As the coating material of the present invention, the resin composition of the present invention can be used directly as a coating material, or it can be used as a coating material by reducing the viscosity by a diluent, a solvent, or the like.

Examples of the solvent include organic solvents such as methyl ethyl ketone, acetone, ethyl acetate, butyl acetate, toluene, dimethylformamide, methyl isobutyl ketone, methoxypropanol, Cyclohexanone, methyl cellosolve, ethyl diethylene glycol acetate, propylene glycol monomethyl ether acetate, and the like may be selected or appropriately used in accordance with the application.

As the diluent, a liquid organic polymer or a liquid monomer can be used.

The coating method of a coating material is not specifically limited, A well-known and usual method can be used.
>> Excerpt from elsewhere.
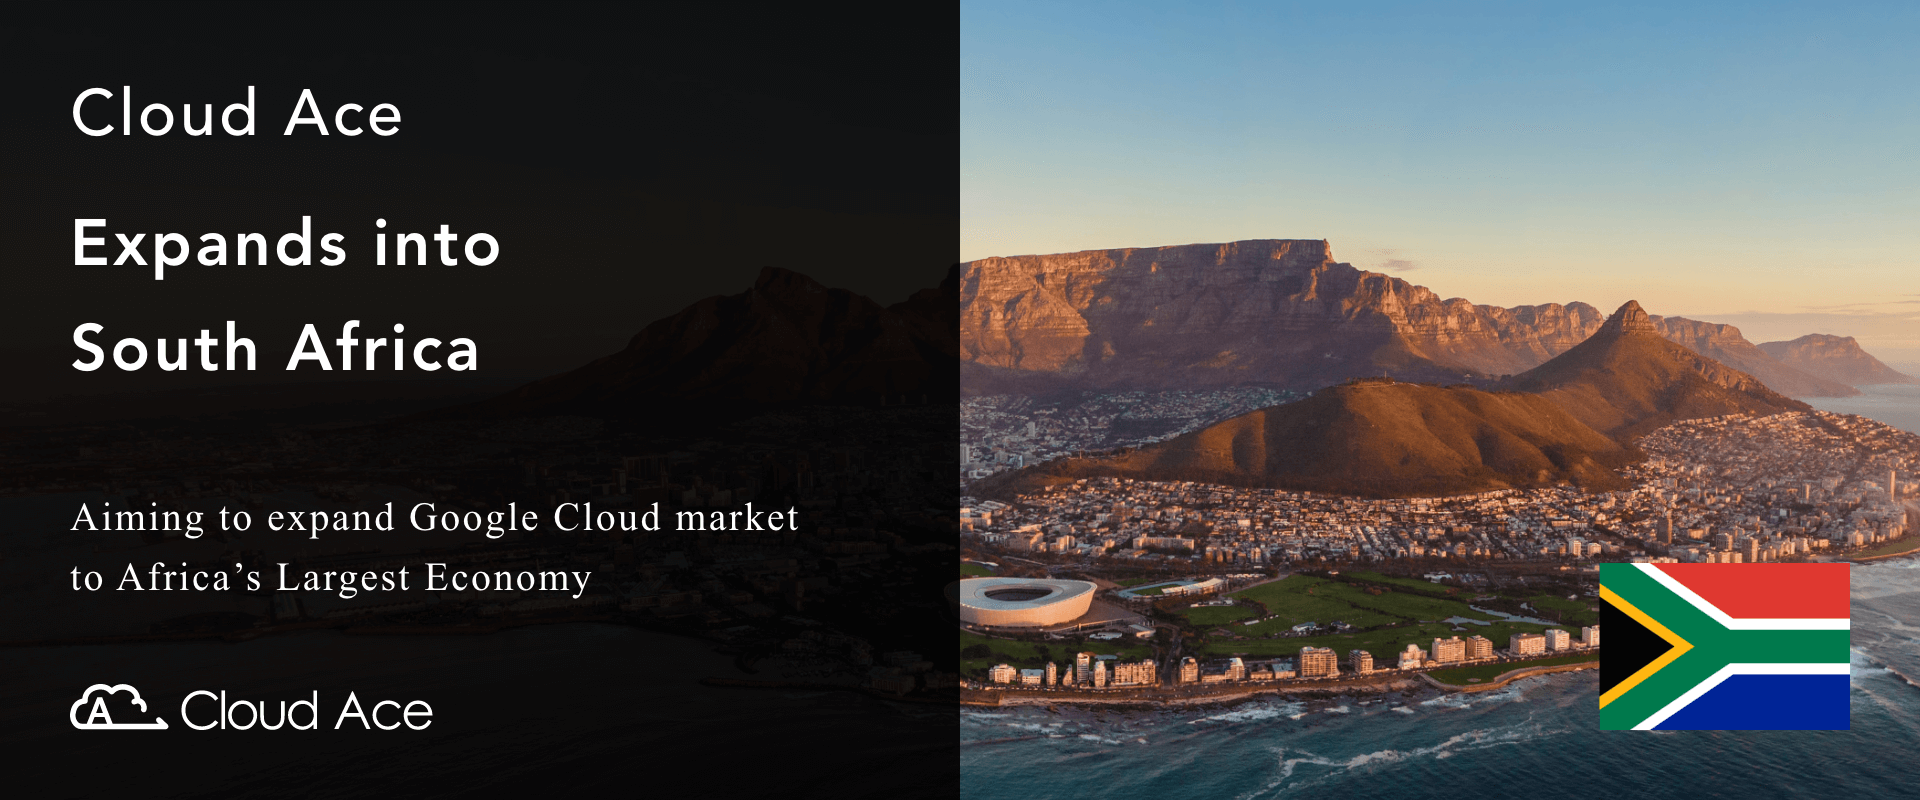 Cloud Ace 版圖擴及南非！目標在非洲最大經濟大國擴展 Google Cloud 市場_內文圖

For example, in the case of directly coating the substrate, the coating method is not particularly limited, and examples thereof include a spray method, a spin coating method, a dipping method, a roll coating method, a doctor blade method, a doctor blade method, a doctor blade method, The curtain coating method, the slit coating method, the screen printing method, the inkjet method, and the like may be appropriately selected according to the application.

＜ Resin molded product ＞
By molding the resin composition of the present invention into a desired shape, a resin molded body suitable for use as a heat radiation member can be obtained. When obtaining a resin molded object, it can be performed by a well-known and usual method.

For example, in the case where the resin (B) of the present invention is a thermosetting resin, the method of curing the thermosetting resin composition such as a general epoxy resin composition may be used. For example, the resin (B) is an epoxy resin. The resin composition and the like can be hardened by heat, and the heating temperature conditions at this time may be appropriately selected according to the type or application of the hardener to be combined, and the heating may be performed at a temperature ranging from room temperature to 250 ° C. In the case of an active energy ray-curable resin, hardening molding can be performed by irradiating active energy rays such as ultraviolet rays or infrared rays.

Moreover, when the resin of this invention is a thermoplastic resin, a molded object can also be formed by a well-known and usual method. For example, injection molding method, ultra-high speed injection molding method, injection compression molding method, two-color molding method, gas-assisted hollow molding method, molding method using adiabatic mold, molding method using rapid heating mold, foaming Forming (including supercritical fluid), injection molding, IMC (in mold coating) forming method, extrusion forming method, sheet forming method, rotary forming method, lamination forming method, press forming method, etc. In addition, a molding method using a hot runner method can also be used. The shape, pattern, color, size, and the like of the molded product are not limited, and may be arbitrarily set according to the use of the molded product.

The resin composition of the present invention can be used as a material for improving the thermal conductivity of the interface between substrates as a so-called thermal interface materials (TIM) that adheres the substrate to the substrate, or a resin hardened material or resin The shape of the molded article is used as a heat radiating member formed by molding itself into a desired shape.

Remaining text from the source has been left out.